RECORDED DATA
□ □ □ □ □

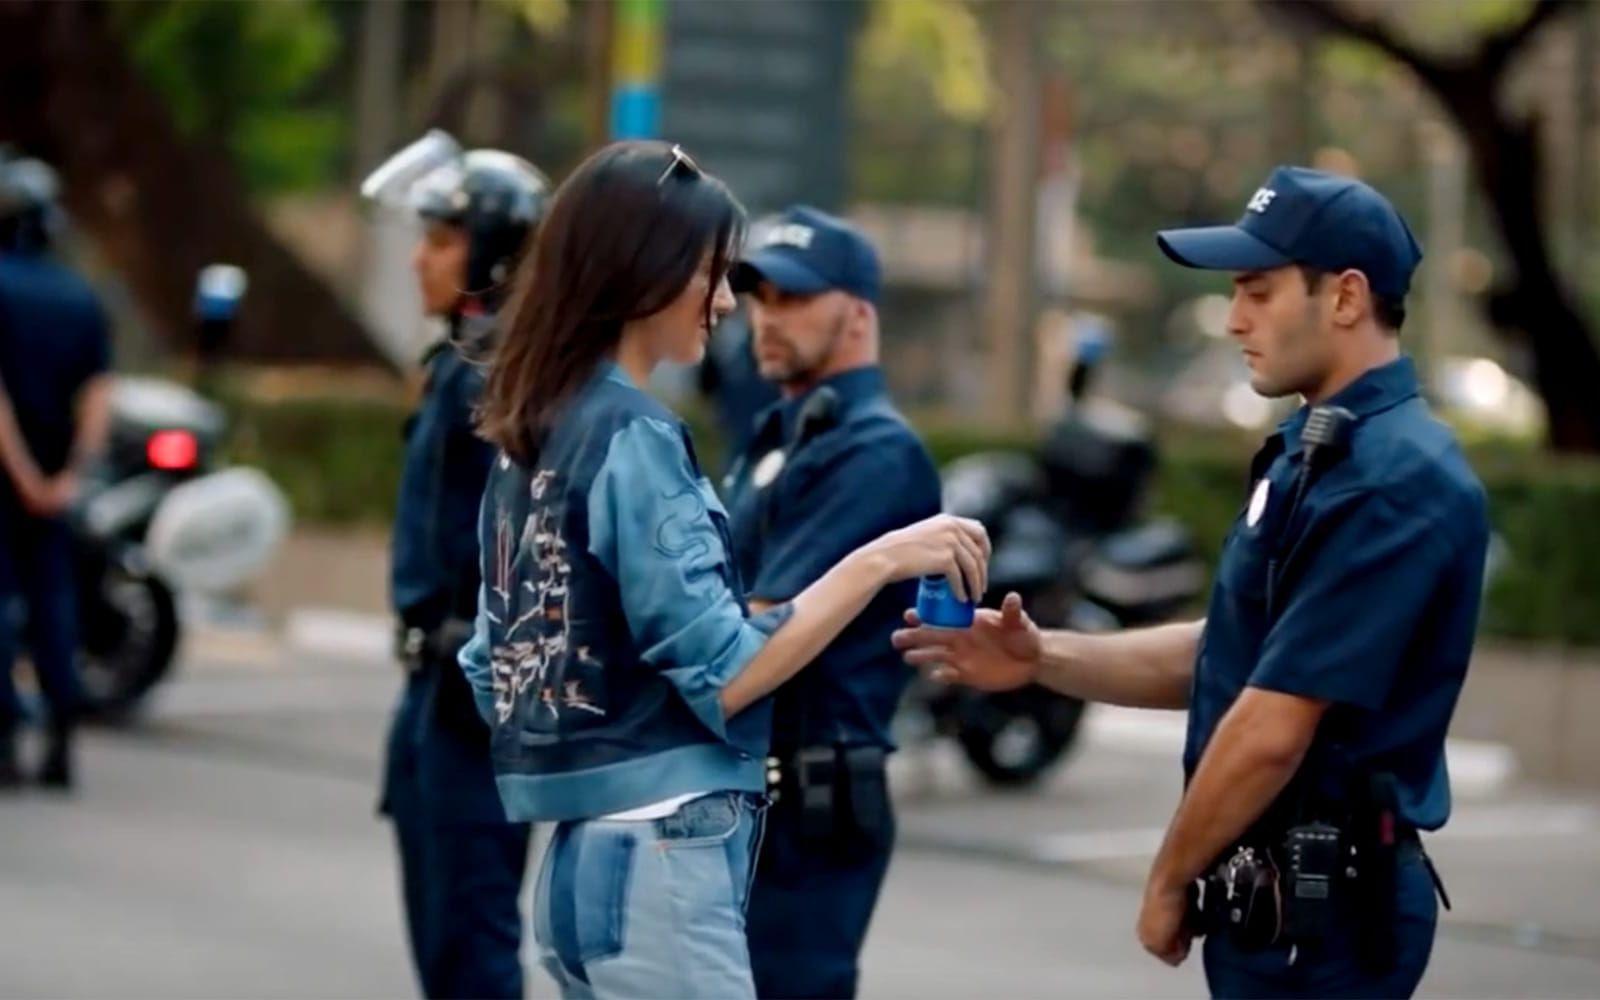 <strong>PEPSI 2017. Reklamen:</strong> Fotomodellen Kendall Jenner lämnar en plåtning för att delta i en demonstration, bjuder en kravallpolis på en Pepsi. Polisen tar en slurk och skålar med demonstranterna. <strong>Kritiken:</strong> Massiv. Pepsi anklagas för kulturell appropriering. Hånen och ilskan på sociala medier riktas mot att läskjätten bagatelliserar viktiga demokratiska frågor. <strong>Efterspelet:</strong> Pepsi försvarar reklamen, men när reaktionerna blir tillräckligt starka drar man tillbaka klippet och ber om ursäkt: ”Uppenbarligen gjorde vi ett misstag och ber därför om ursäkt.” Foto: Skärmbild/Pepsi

□ □ □ □ □

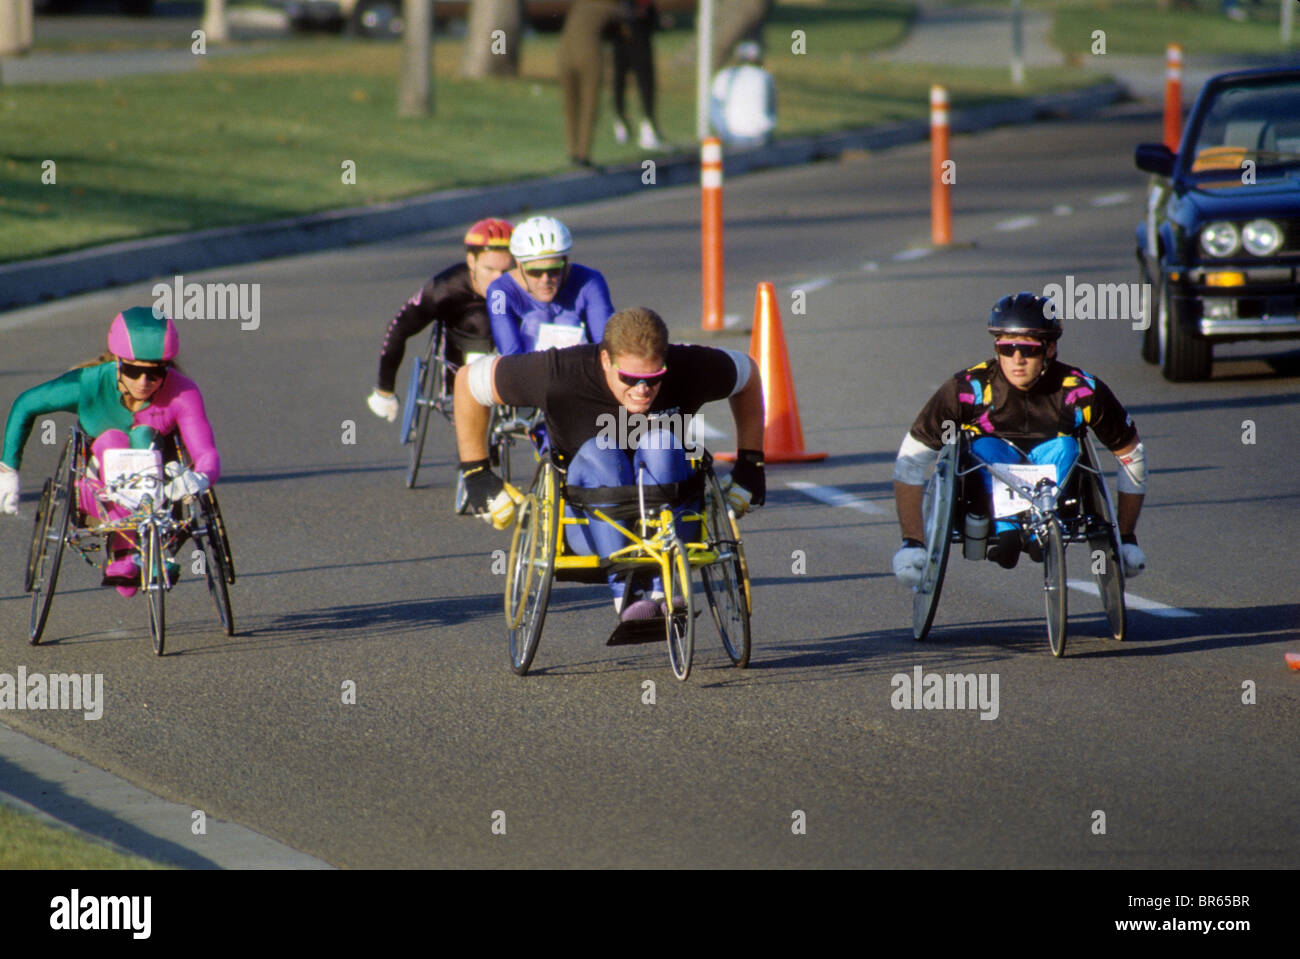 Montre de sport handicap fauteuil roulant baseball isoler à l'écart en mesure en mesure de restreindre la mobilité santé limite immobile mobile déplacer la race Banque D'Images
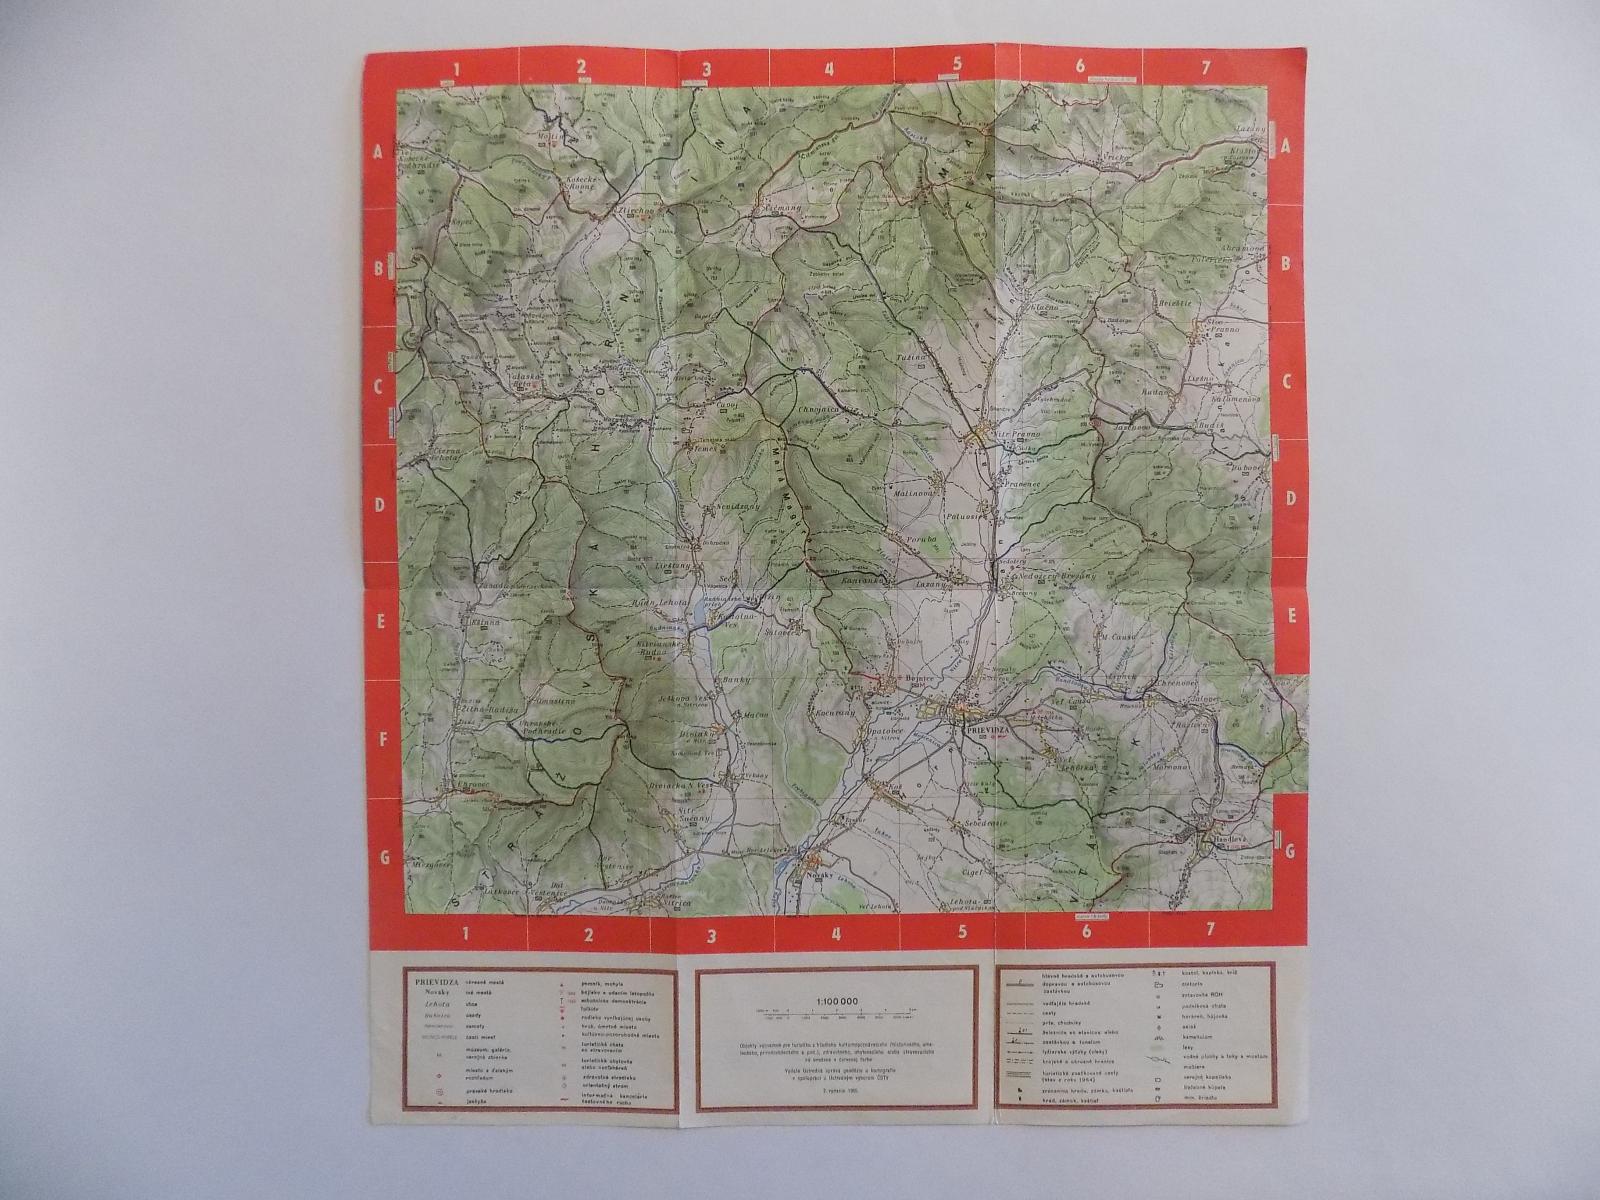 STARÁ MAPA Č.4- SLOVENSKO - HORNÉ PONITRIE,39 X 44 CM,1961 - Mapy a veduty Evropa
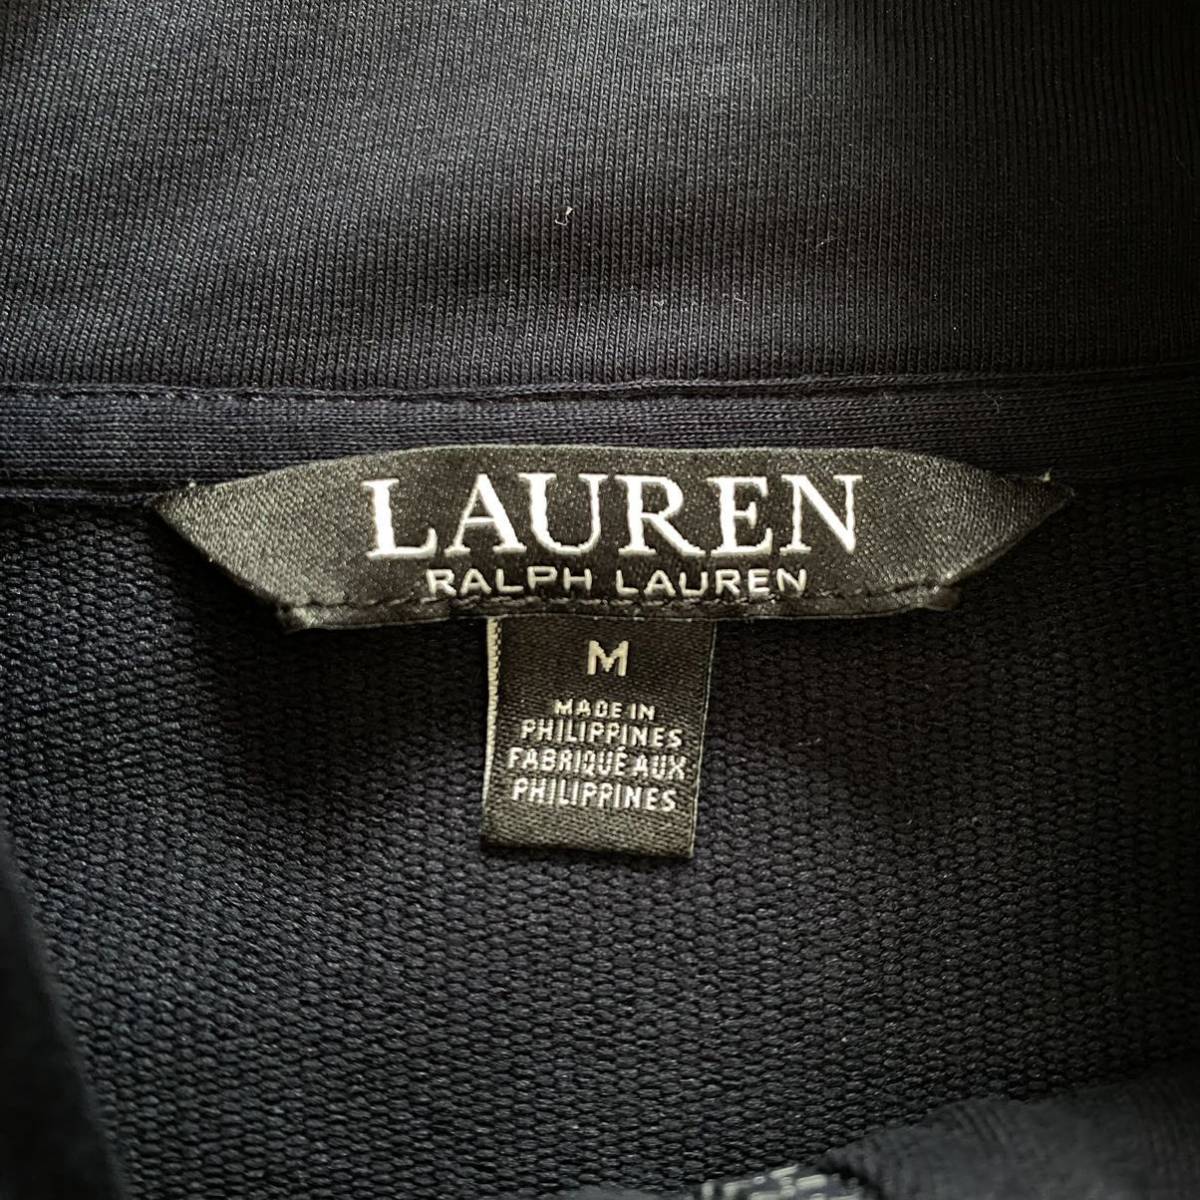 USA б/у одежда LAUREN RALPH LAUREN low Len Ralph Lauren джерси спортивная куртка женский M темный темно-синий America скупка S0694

□ □ □ □ □

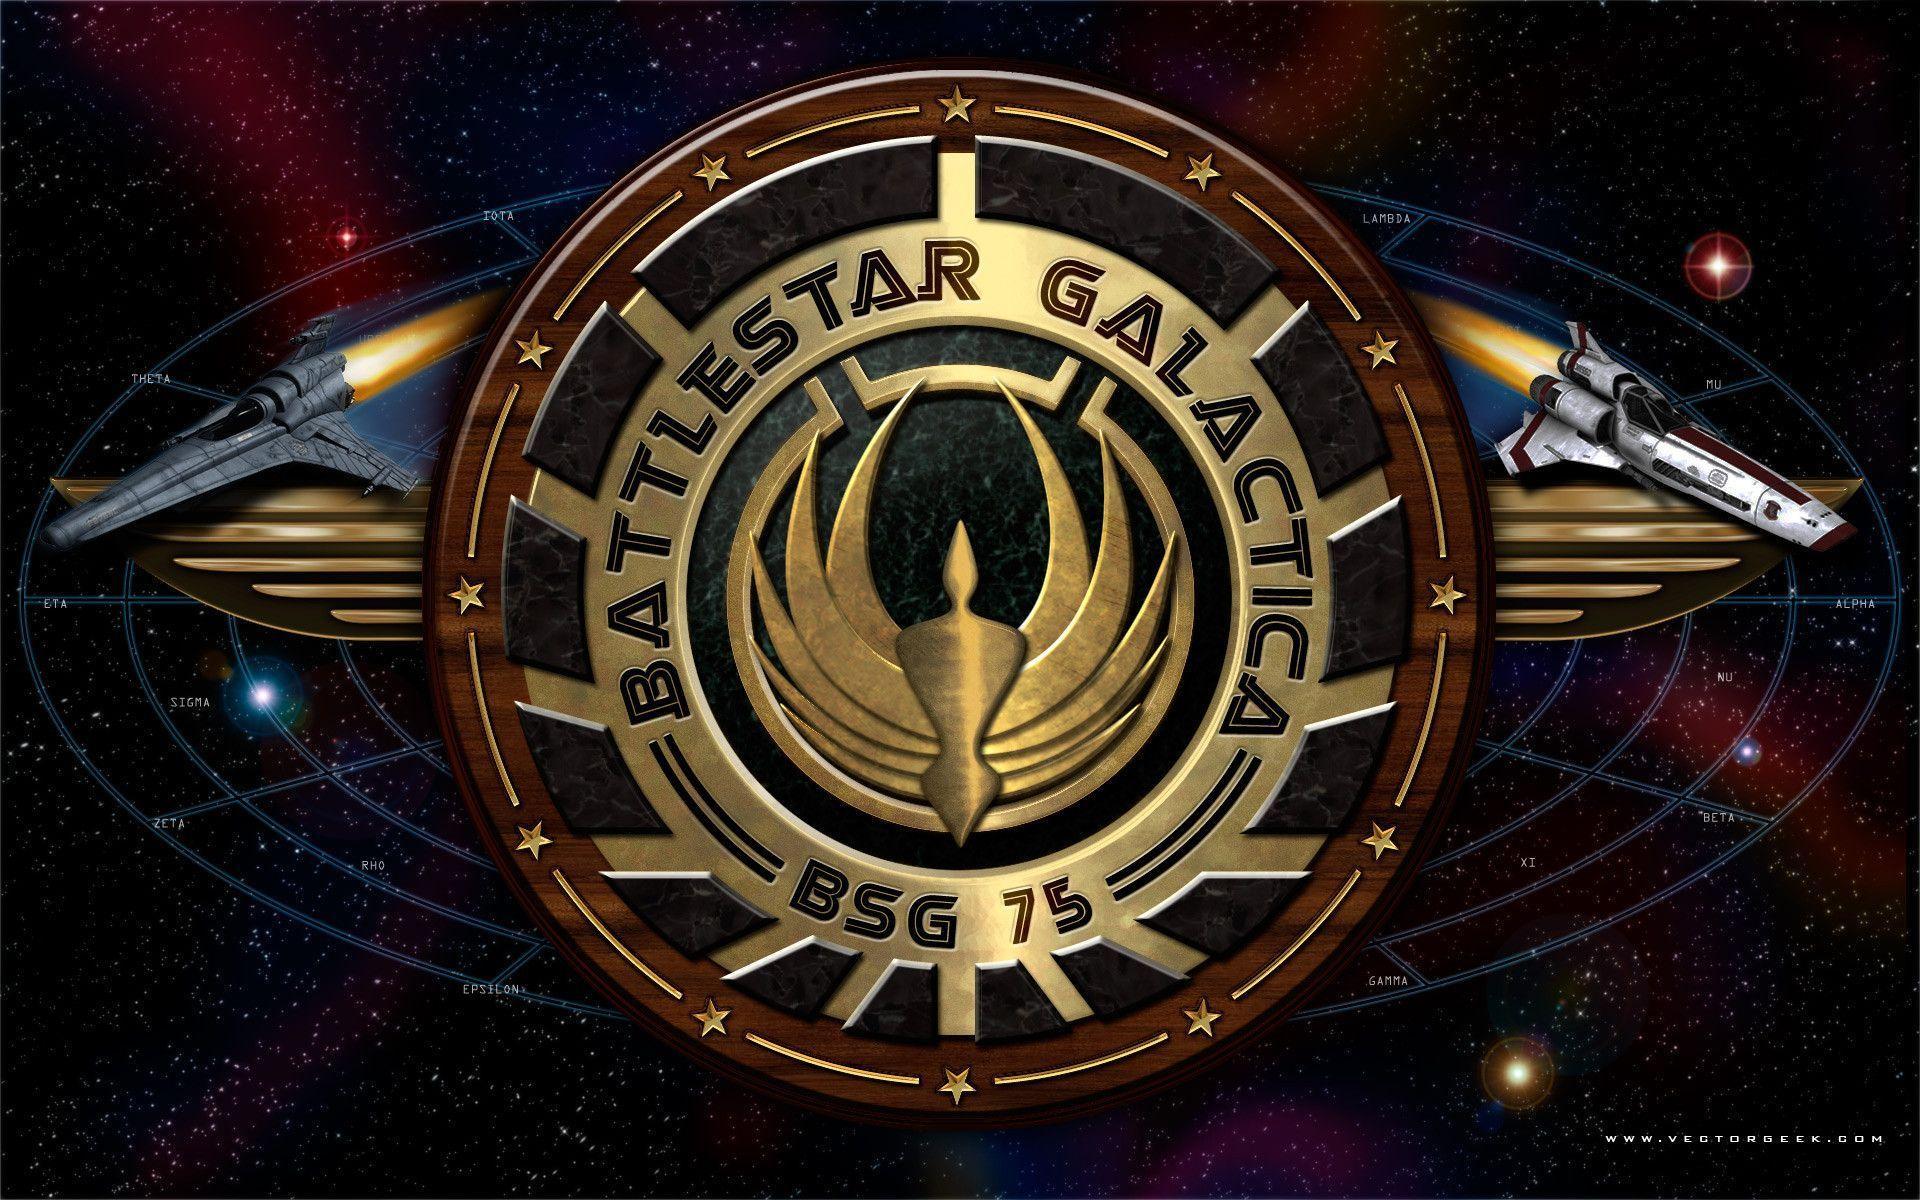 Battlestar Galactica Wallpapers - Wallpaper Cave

□ □ □ □ □

EXERCISE
Please copy the lines above exactly, starting at the line that holds "STARÁ MAPA Č.4- SLOVENSKO" and ending at the line that holds "USA б/у одежда"; include both, but no pictures.

TASK ANSWER
 STARÁ MAPA Č.4- SLOVENSKO - HORNÉ PONITRIE,39 X 44 CM,1961 - Mapy a veduty Evropa
 USA б/у одежда LAUREN RALPH LAUREN low Len Ralph Lauren джерси спортивная куртка женский M темный темно-синий America скупка S0694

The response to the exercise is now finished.